# Data Transformations

In this notebook the IPL `ball-by-ball` csv is imported into a dataframe and some calculated fields are created. The IPL `matches` csv is used for removal of DL, no result, or tied games. For the calculated fields, the data is to be split into first inning and second inning.
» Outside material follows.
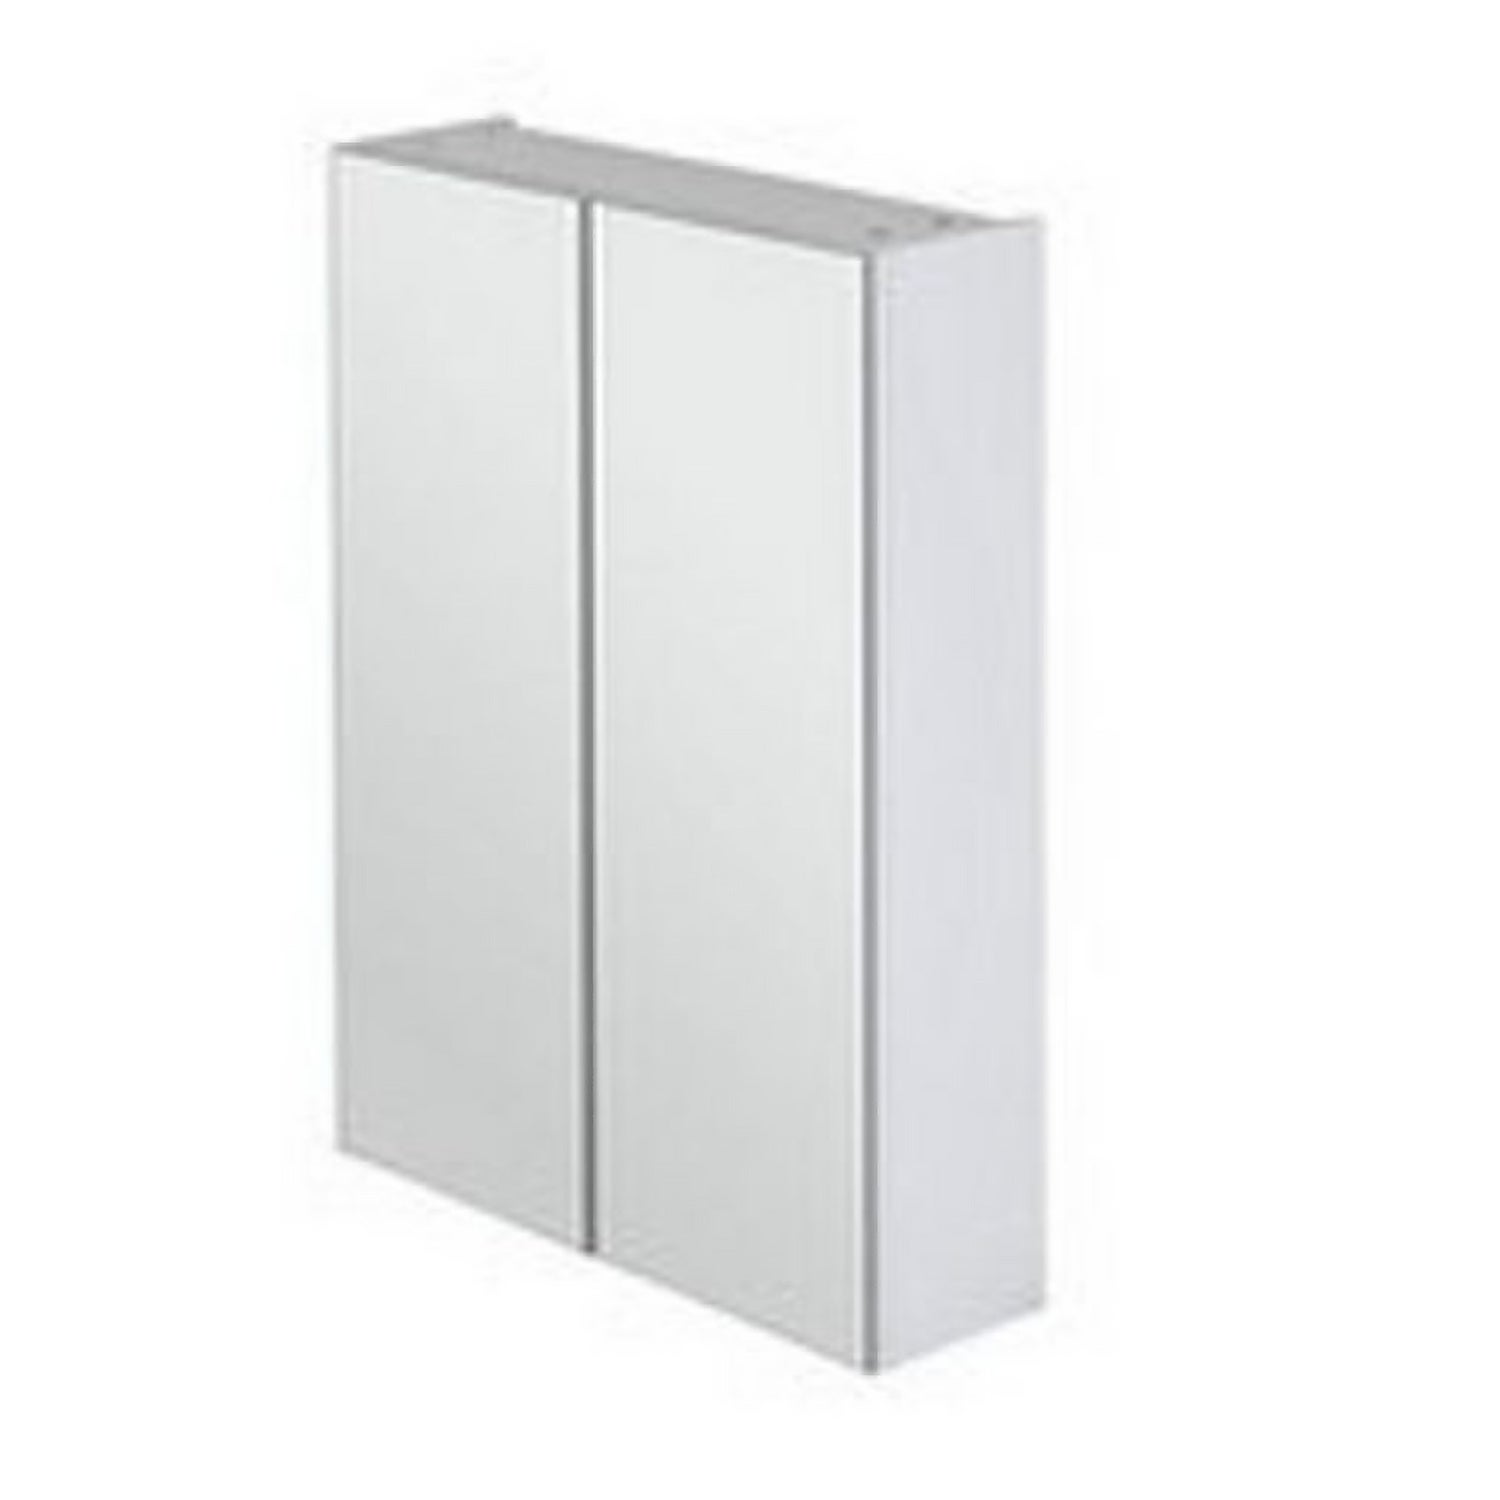 MyPlan 600mm Mirrored Cabinet - Arctic White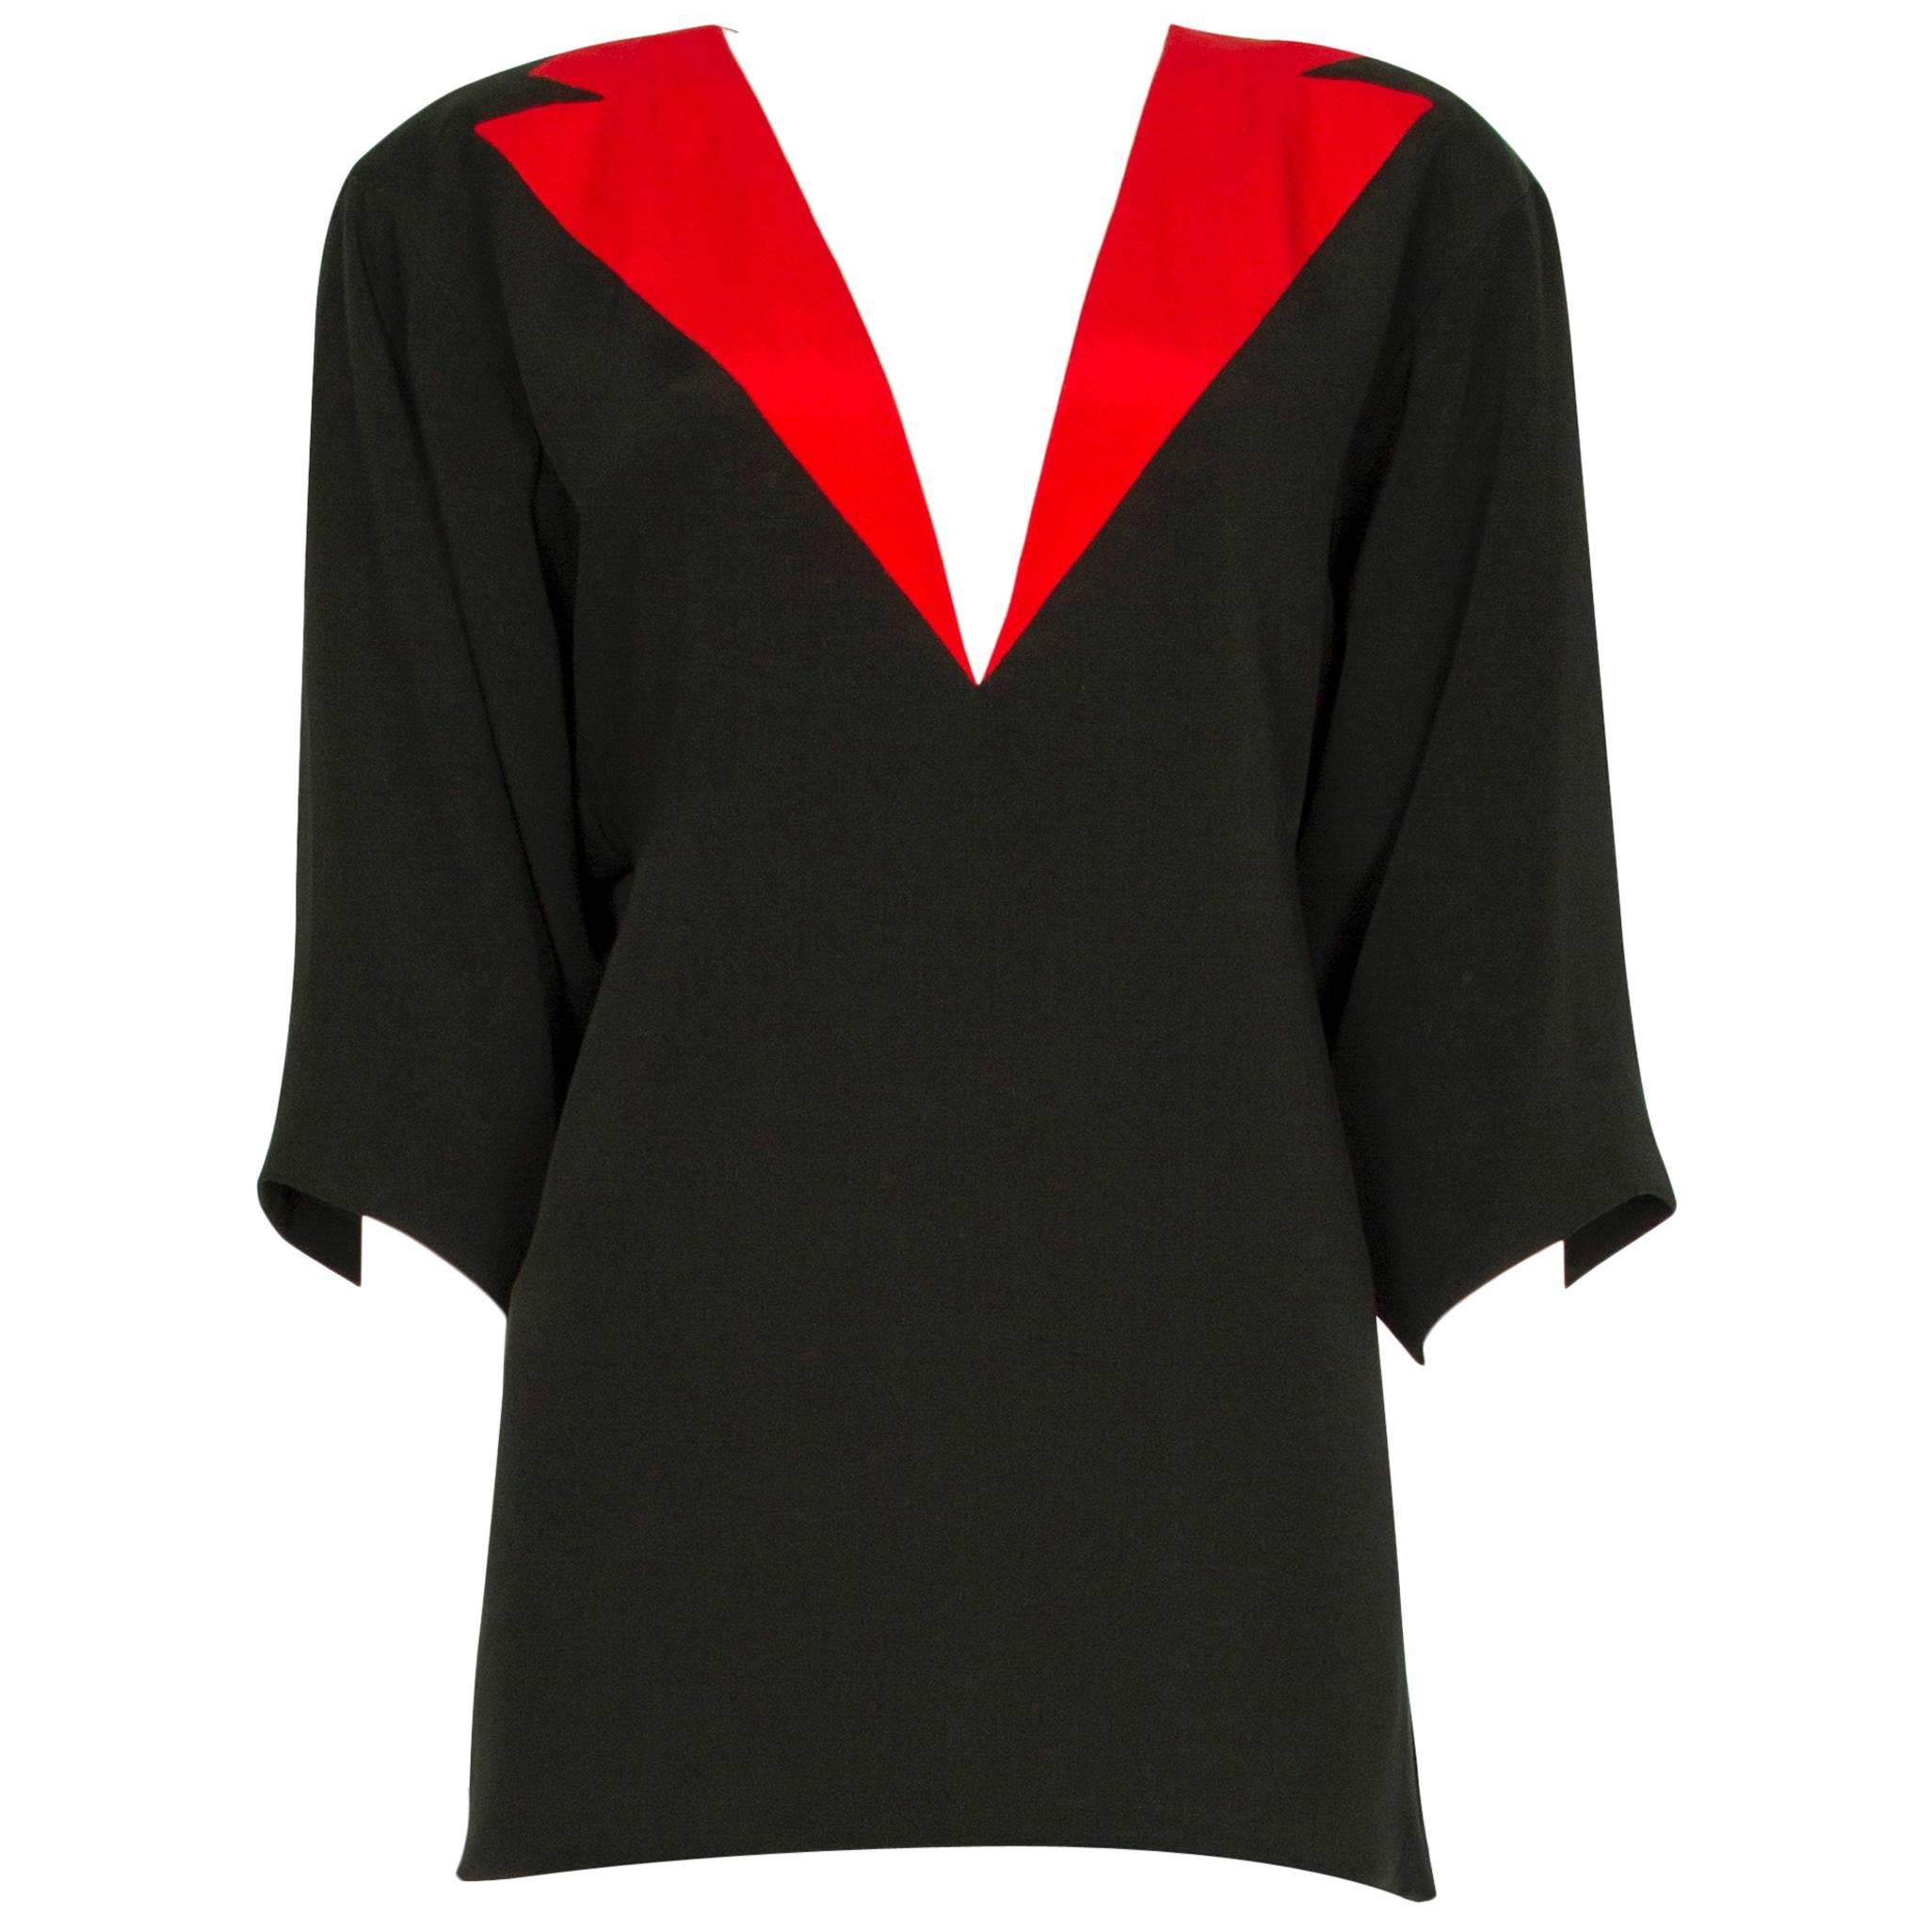 S/S 1983 Dior Couture Black Red & Ivory Silk Trompe L'Oeil Boxy Tunic For Sale

For the first inning dataframe there is a column for the team score after each over of the game and a column is also created with the wickets lost after each over with the over in question also stored in a column. This results in a row for each over of the match with in-game statistics across each of the columns. The second inning dataframe contains the over number, team total, team wickets lost, opposition score at the same stage in the first inning, opposition wickets lost at the same stage in the first inning, and the opposition total in the first inning. The predictive analysis will then determine whether a bat first win or bat second win will occur.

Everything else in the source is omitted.